Skip to content

gRPC Mesh Integration Playbook

gRPC is the primary inter-service protocol across the beef monorepo. REST is exposed only at edges (public API to chargebee/primer webhooks, public REST gateway on sirloin) and HTTP is used for one specific internal call (sirloin → brain control plane, not gRPC). This page is the playbook for the internal mesh: who calls whom, how it’s secured, how protos are versioned and generated, what to watch for when it breaks.

1. Overview

  • Transport: HTTP/2 over plaintext (h2c) — see Section 4.
  • Schema source of truth: proto/ at the repo root, organised as proto/<service>/<version>/*.proto (proto-files-list).
  • Codegen tool: buf v2 (buf.yaml, buf.gen.yaml) with local plugins (protoc-gen-go, protoc-gen-go-grpc, ts-proto, @bufbuild/protoc-gen-es).

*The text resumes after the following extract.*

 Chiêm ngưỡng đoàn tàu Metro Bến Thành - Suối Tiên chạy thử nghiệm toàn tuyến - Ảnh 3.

See Section 7.
  • Generated stubs are checked in under each service’s internal/pkg/pb/ (Go), src/generated/ (brain), or pkg/ (brisket).
  • Service auth on the wire: minimal. Network-trust + per-edge mechanisms (API key for sirloin → brain; Clerk JWT propagated as user_id in proto payloads for user-bound calls). See Section 5.
  • Total surface area: 105 RPCs across six .proto files. See the full index in /generated/proto-api.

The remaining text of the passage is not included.